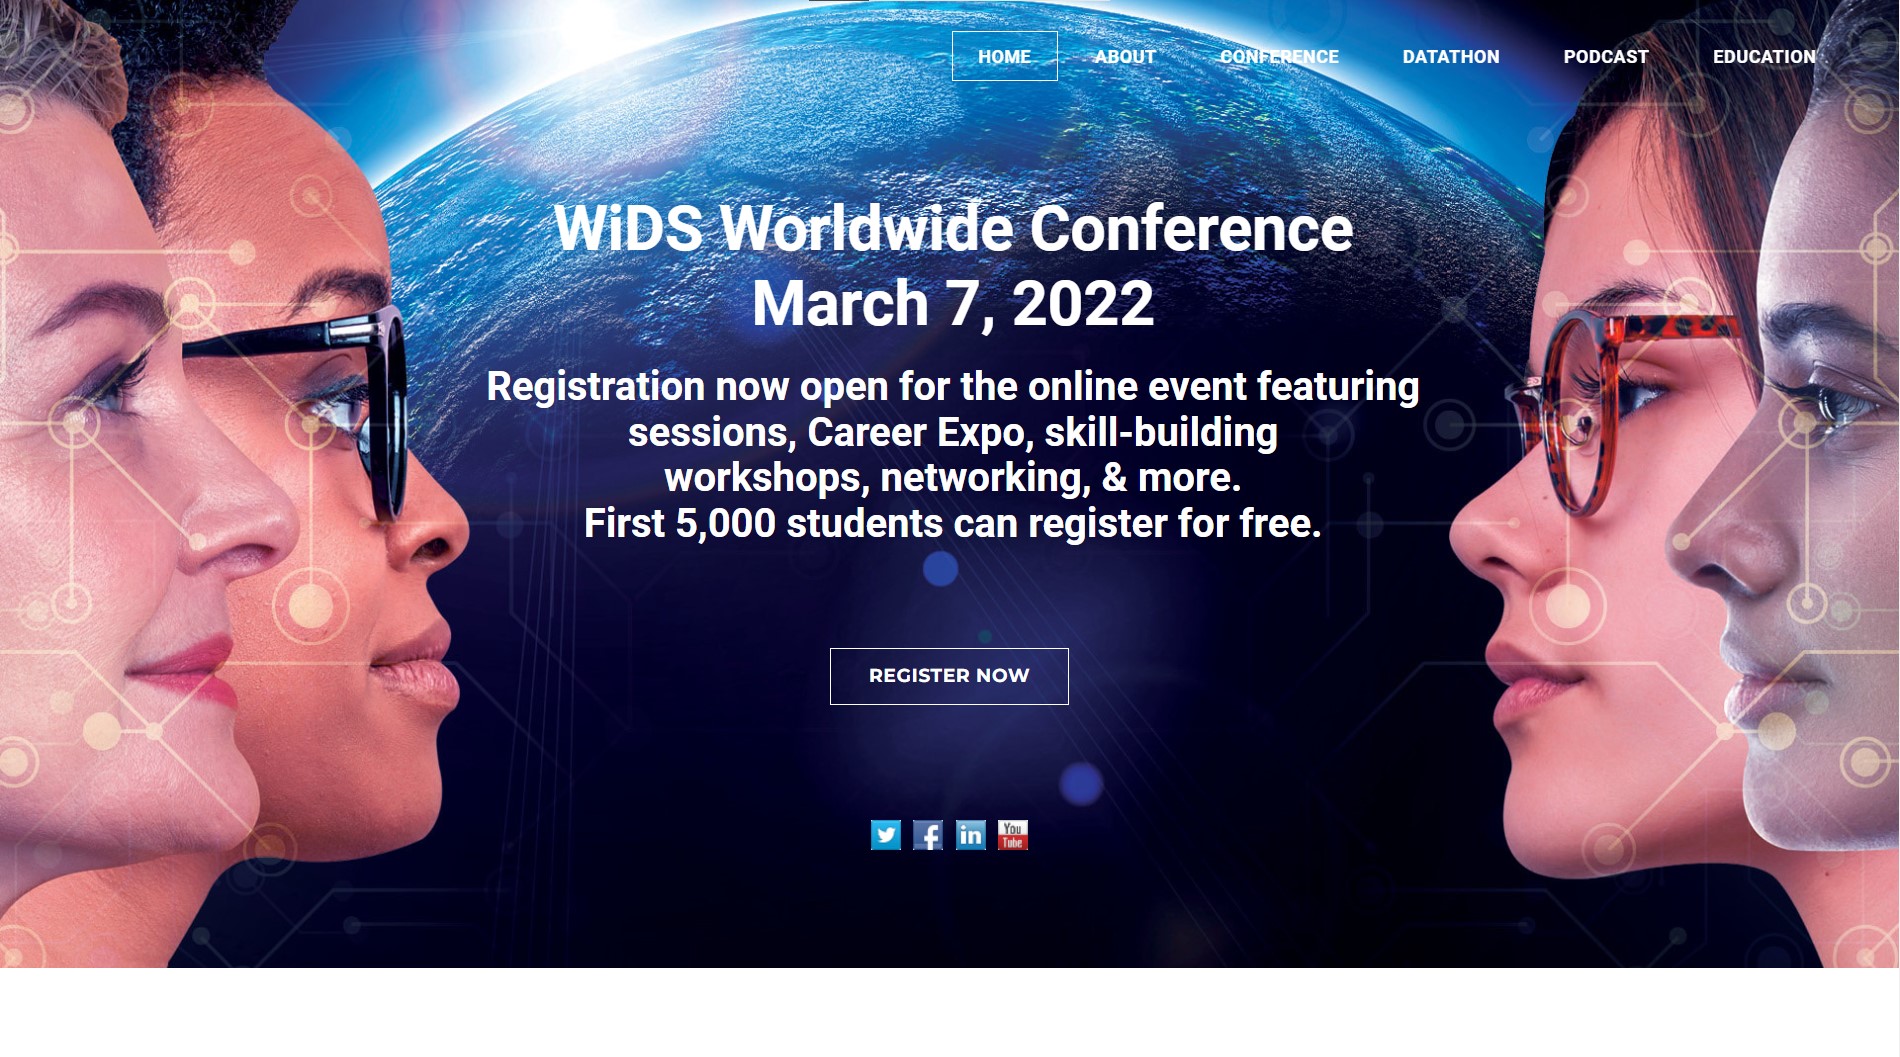 Women in Data Science Worldwide Conference
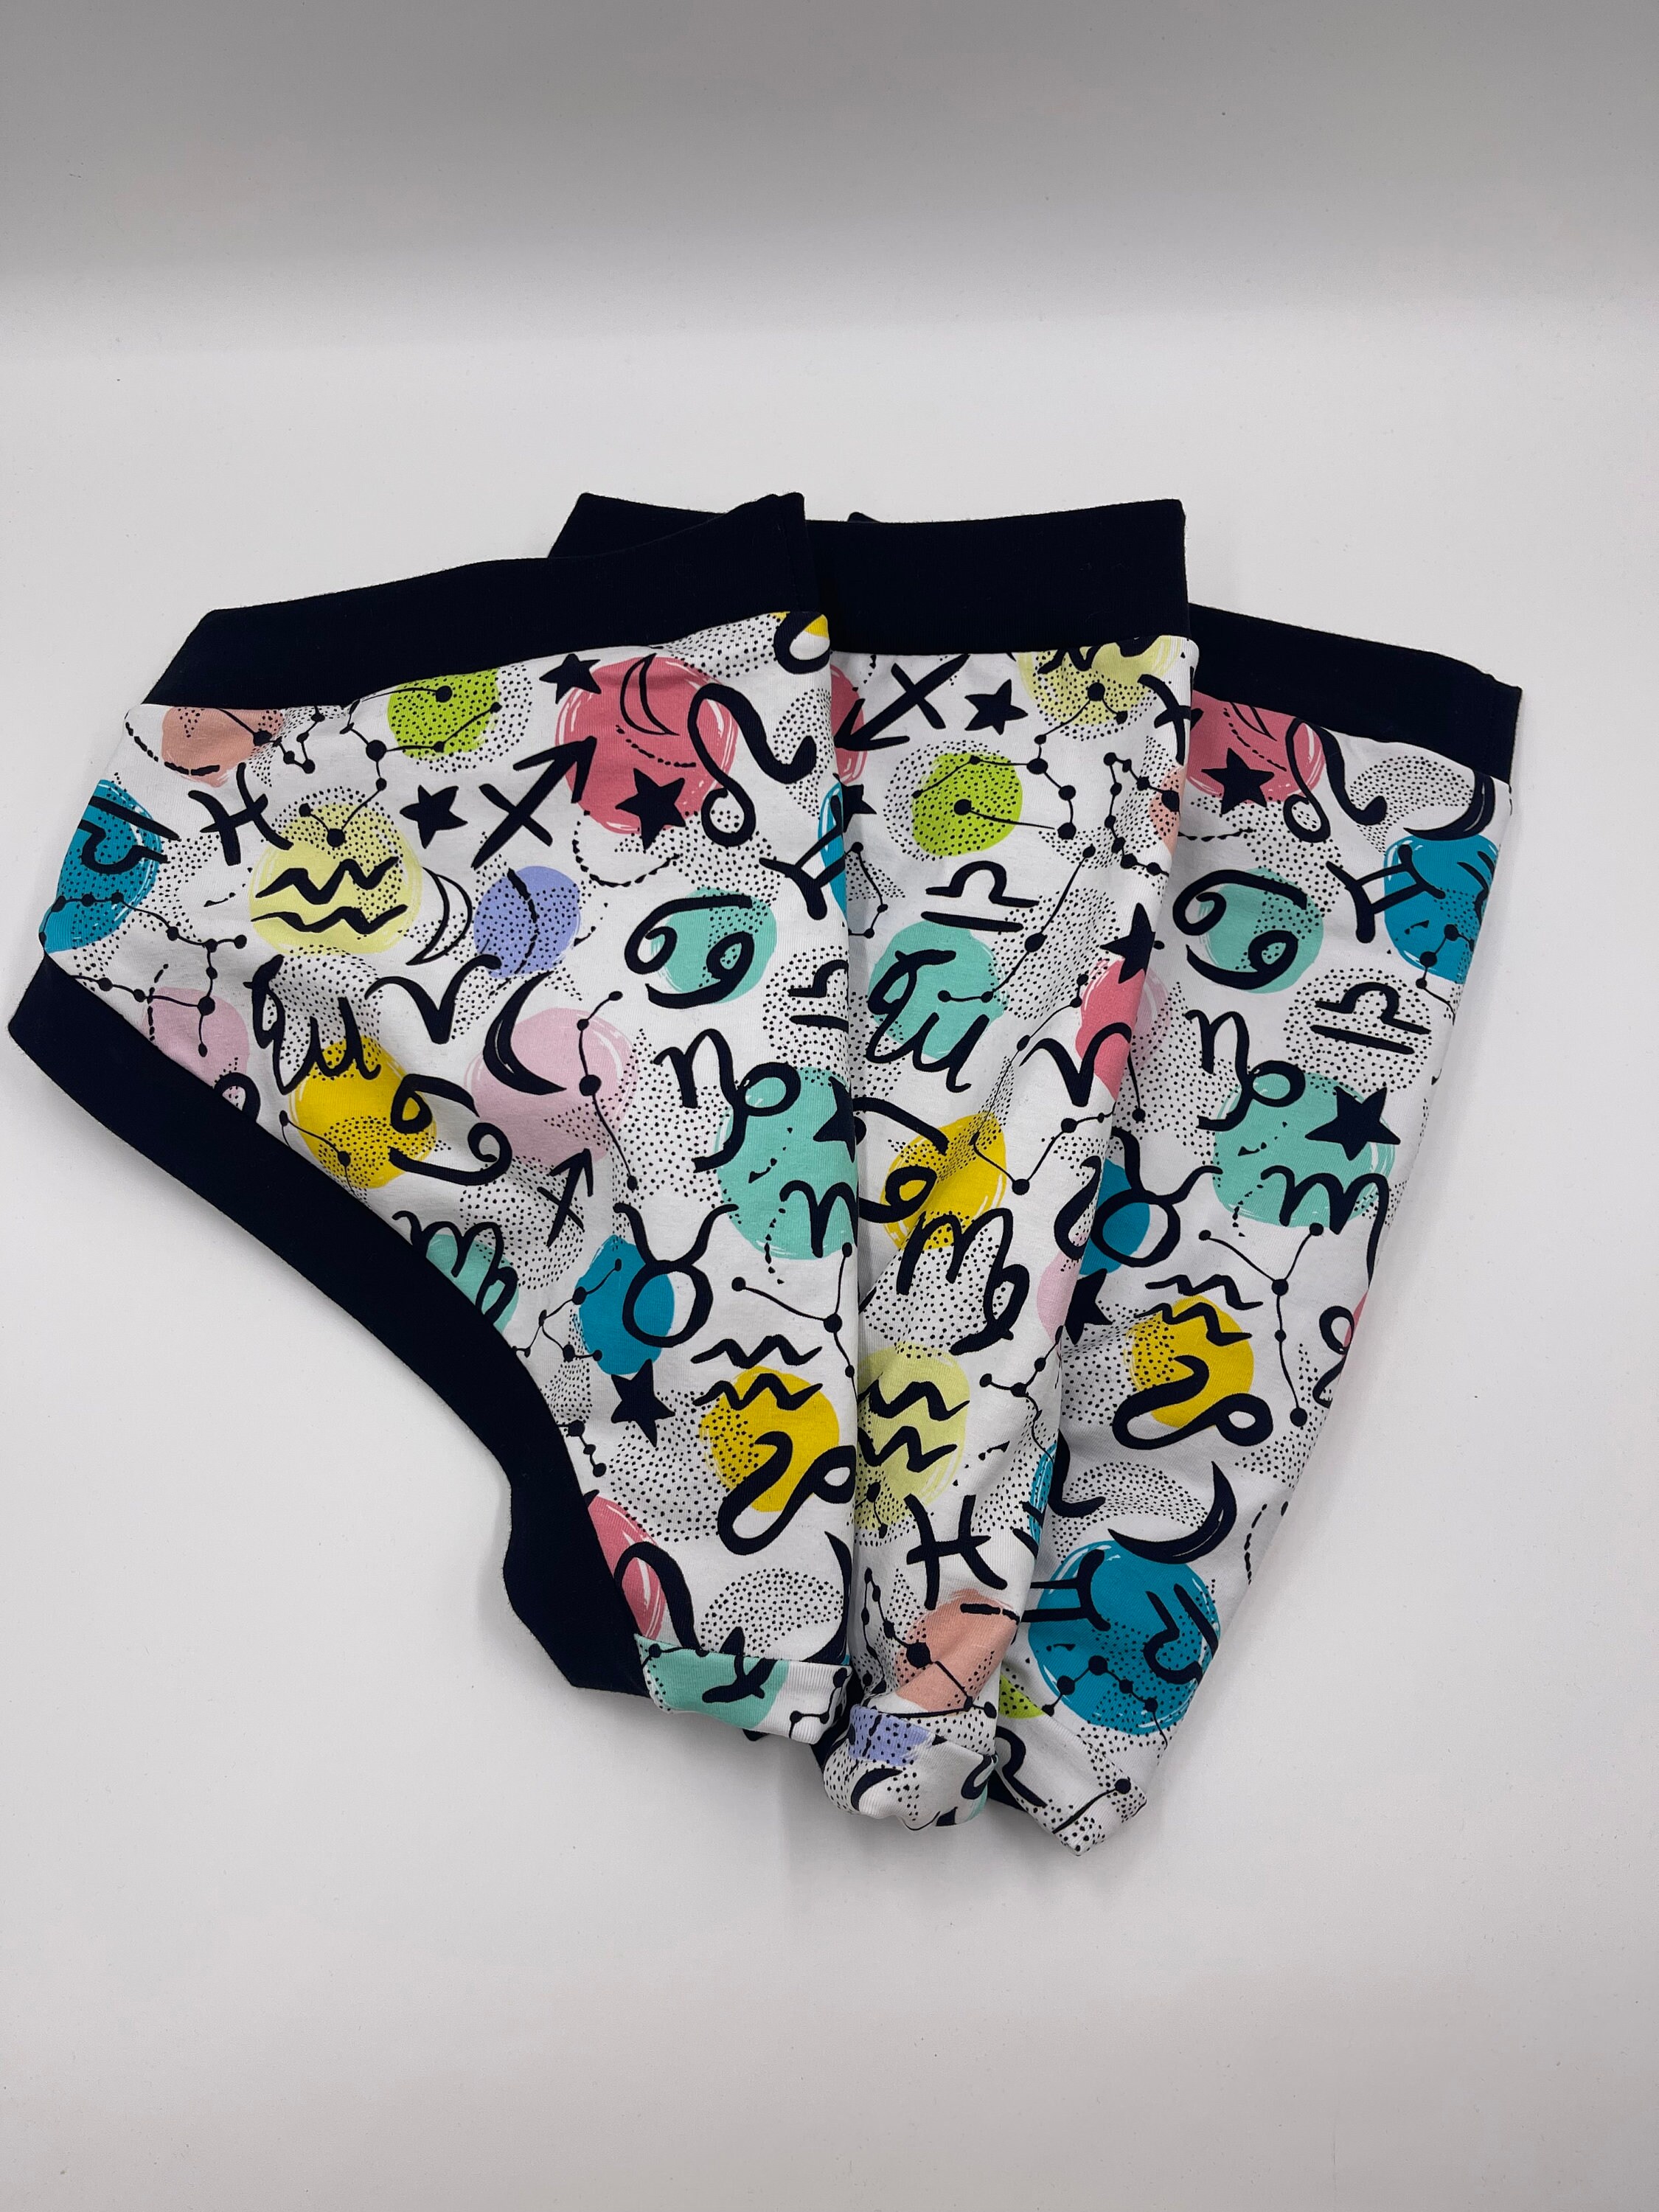 Aries Have More Fun Astrology Zodiac Sign Funny Women's Boyshort Underwear  Panties
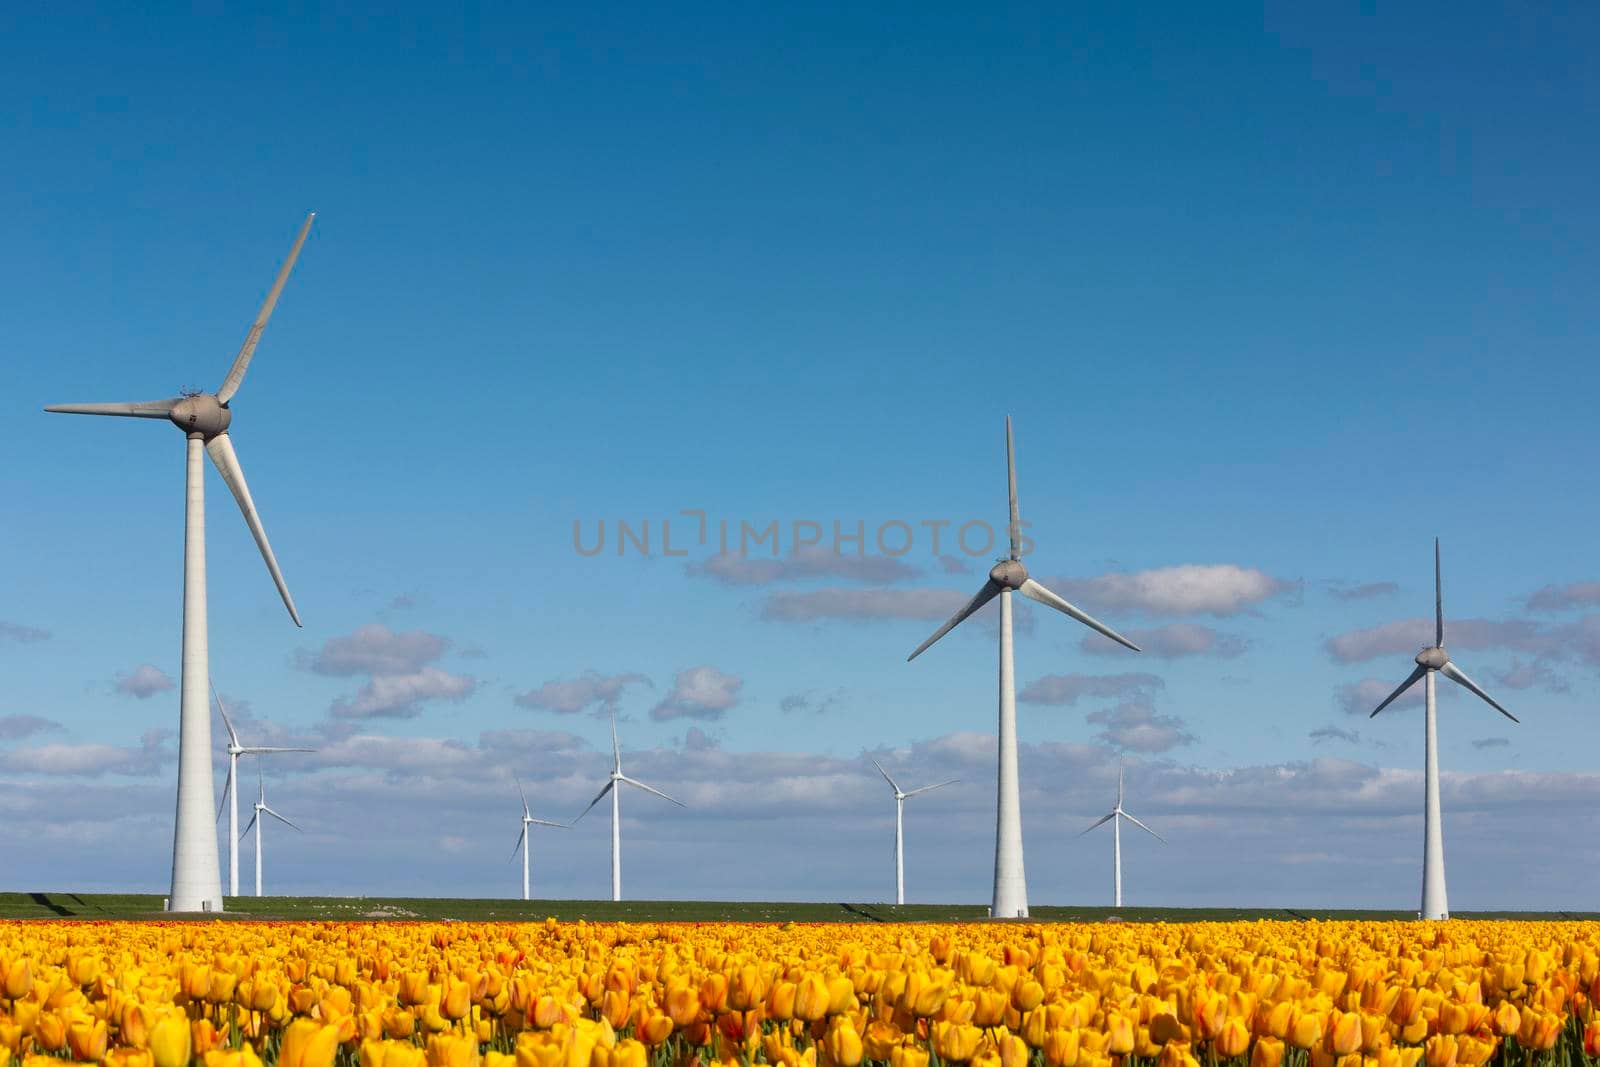 yellow spring tulips and wind turbines under blue sky in dutch part noordoostpolder in holland

— WHAT THE EXERCISE ASKS —
The result should be the same data as above, line for line, with the pictures gone.

— OUTPUT OF THE EXERCISE —
 Women in Data Science Worldwide Conference
 Aries Have More Fun Astrology Zodiac Sign Funny Women's Boyshort Underwear  Panties
 yellow spring tulips and wind turbines under blue sky in dutch part noordoostpolder in holland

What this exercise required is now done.